Ten years on, he's still tackling danger head on in the theatre. When September 11 happened, he was already committed to directing the new play, the enigmatically titled Homebody / Kabul, that Tony Kushner had just finished – a play, as it happened, about Afghanistan and the Taliban, a play set, as it happened, in 1998, just after the bombings Clinton ordered on Afghan terrorist camps as reprisals for attacks on American embassies. Did September 11 make Homebody / Kabul redundant, irrelevant? Just the opposite. The play, which opened in New York and came to London before touring Europe this spring and summer, helped clarify politics and issues over-exposed in the media. As Donnellan observed, "Art is something with a frame around it; sometimes, it's some 'thing' we think we know all about, something familiar. What the frame does is to draw our attention to the ambiguities within the frame".

Donnellan's internationalism cuts in all directions. He directed The Winter's Tale in Russian at the Maly Theatre, St. Petersburg – then toured the production to England (and Warwick) with surtitles. He directed Corneille's Le Cid at Avignon and Pushkin's Boris Godunov at the Moscow Arts Theatre. He brought Angels from America and has taken Shakespeare around the world.

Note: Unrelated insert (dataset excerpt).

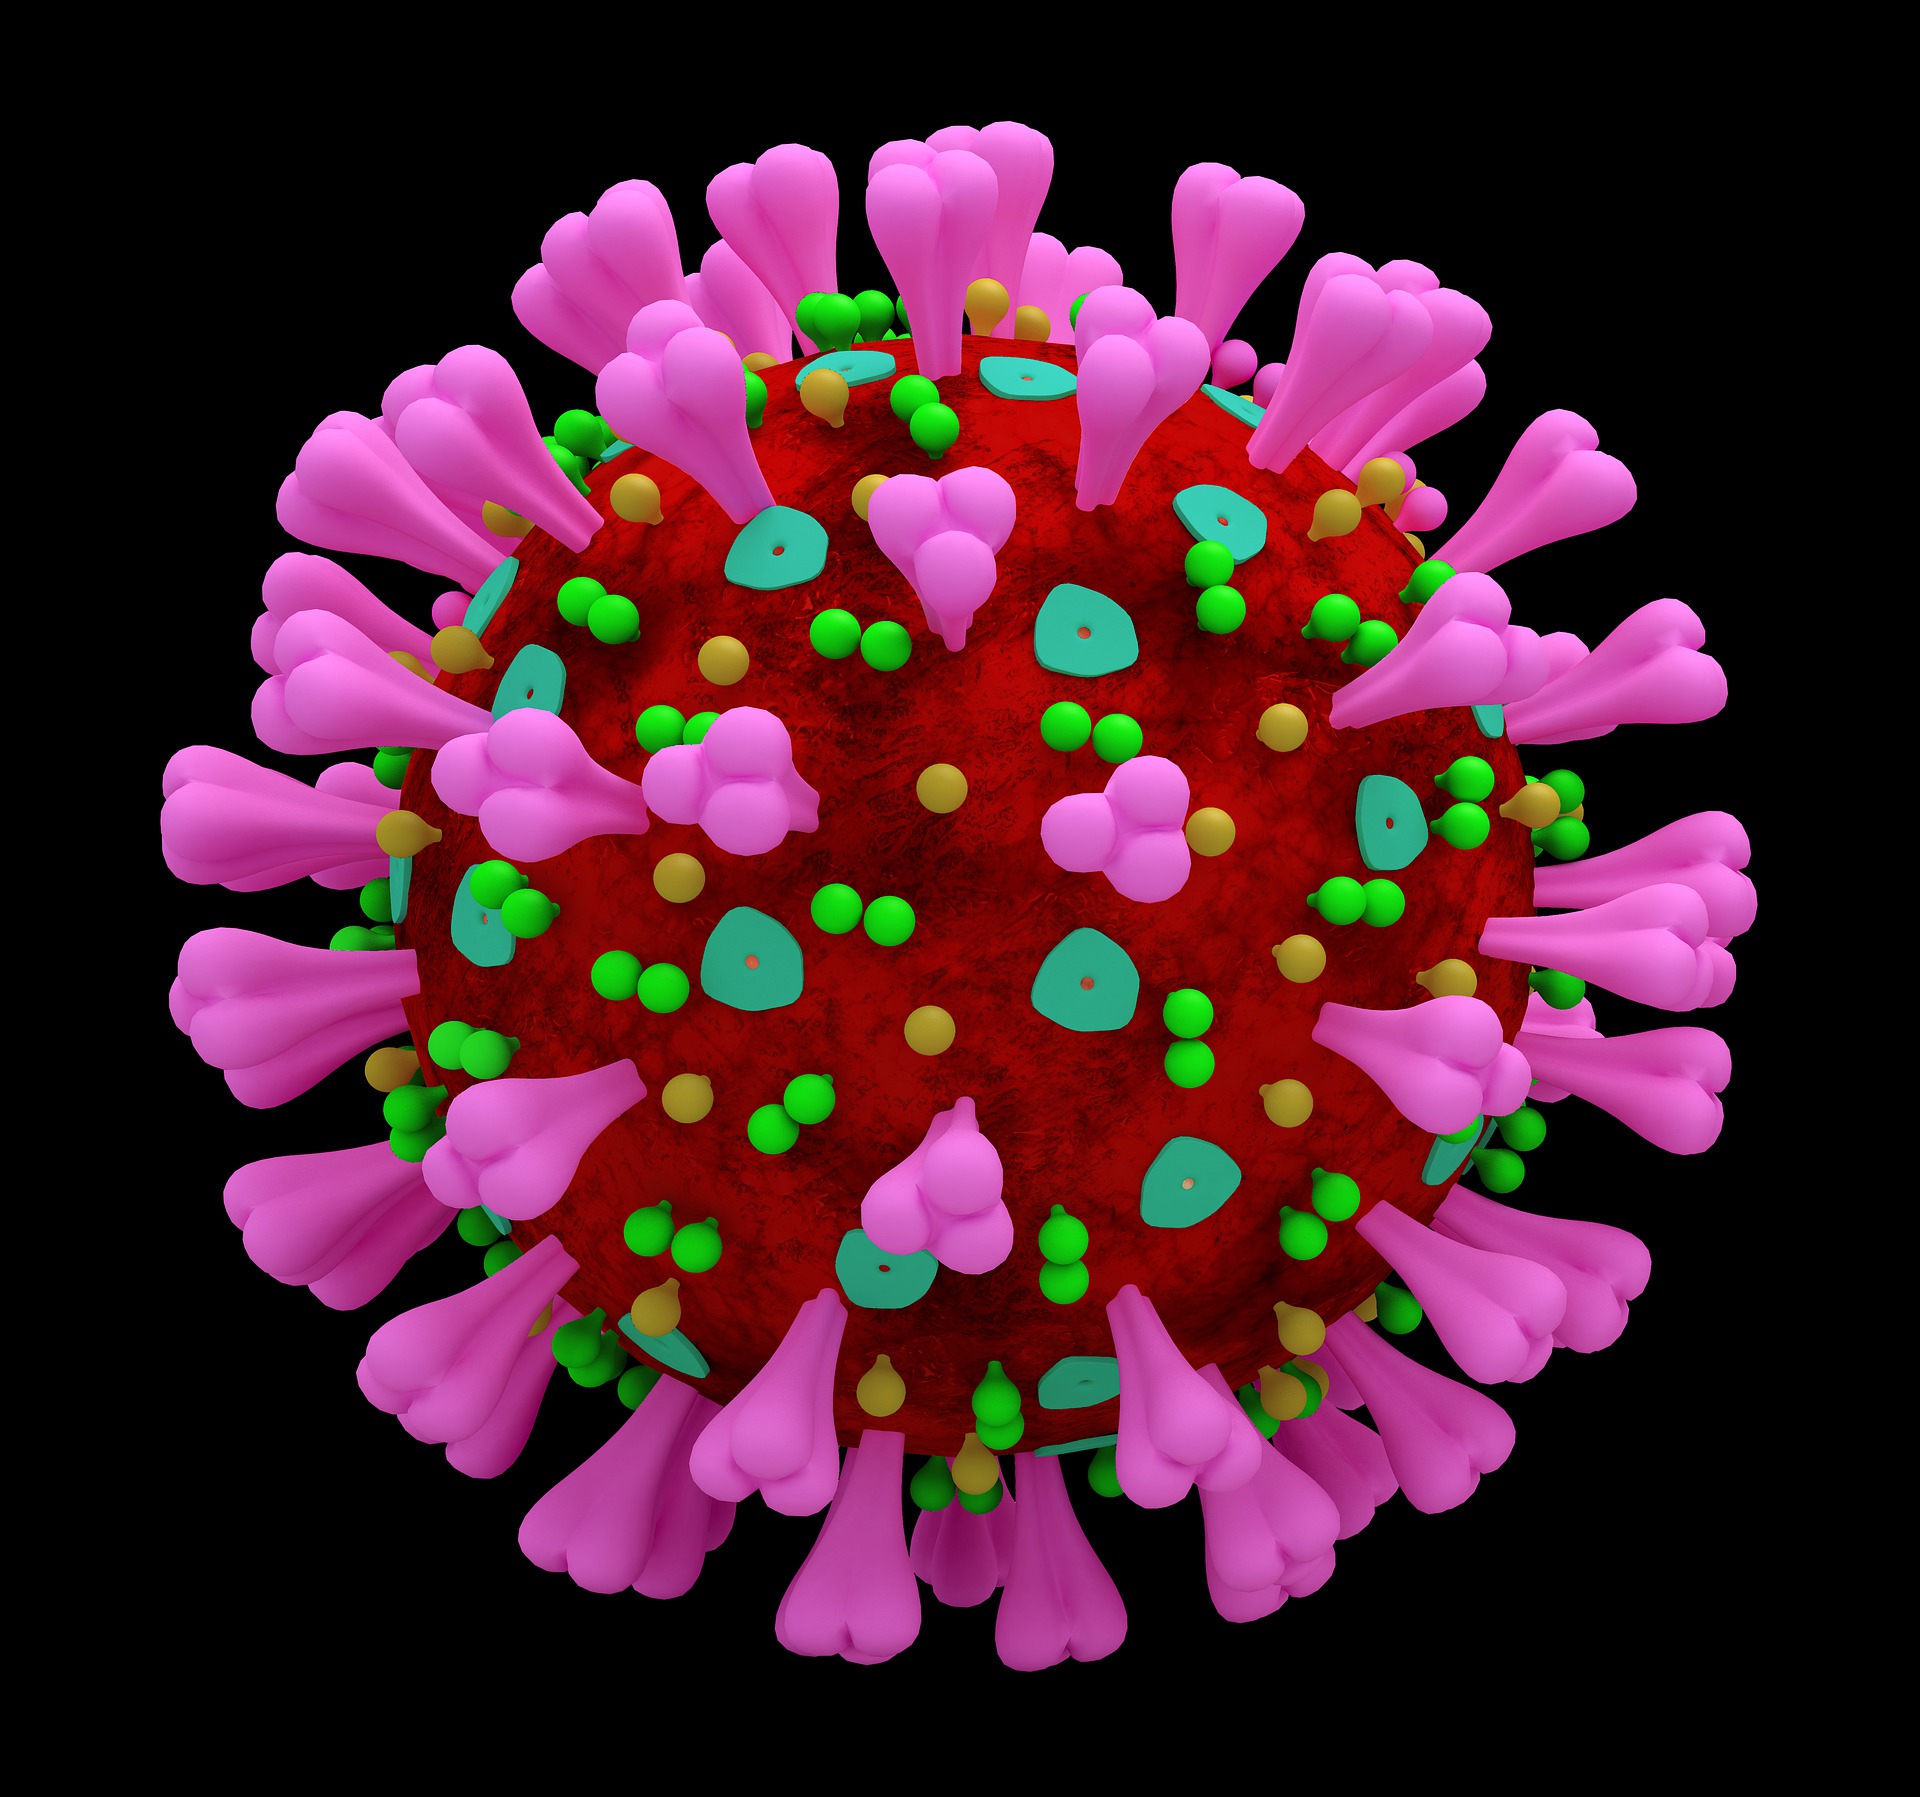 Svjetska zdravstvena organizacija (WHO) proglasila kraj pandemije koronavirusa

That's all splendid, but as a Shakespearean, I celebrate even more Donnellan's achievement in transforming the way we see the playwright actors call "Billy Big Boy", on the English stage. Exposing Shakespeare to Donnellan has been rather like plunging him into a therapeutic bath of nitromorse – scouring off centuries of dead convention, inherited tradition and academic dogma, returning him to something like the "wooden-O". While, over the past two decades, other directors have been putting more and more stuff on stage, making Shakespeare all about production, Donnellan strips the stage to bare essentials, returning Shakespeare to his actors, making the play about actors working through speech, and letting spectators into the purest of theatrical pleasures, up close, watching actors, as role players, in-bodied, tell a cracking good story. Nobody who saw it will ever forget Cheek by Jowl's all male As You Like It, and the look Adrian Lester's Rosalind, disguised as Ganymede, gave Orlando when she called out to him in Arden and he turned – and took her for a boy! And one more achievement for Shakespeare: while other companies were dithering about the politics of colour-blind casting, wondering whether in multi-racial Britain it was time "finally" to do something as radical as casting a black actor as Othello, Donnellan cut through all the nonsense, instituting fully integrated casting for all Shakespeare roles – the effect of which is not just to claim those parts for black and asian actors, but in multi-ethnic Britain, to claim Shakespeare for everybody. "The theatre is lies – complete lies". So says Declan Donnellan. But he also says, "theatrical lying is vitally important because it's through that that we can tell each other the truth". We want our lives "to be safe, so we go to the theatre to see something dangerous", to "investigate a fantasy", to "experiment with extremities". It is because Declan Donnellan leads us fearlessly across these territories, through these experiments that we honour him.

Mr. Vice-Chancellor, in the name of the Council, I present to you for admission to the degree of Doctor of Letters honoris causa, Declan Donnellan.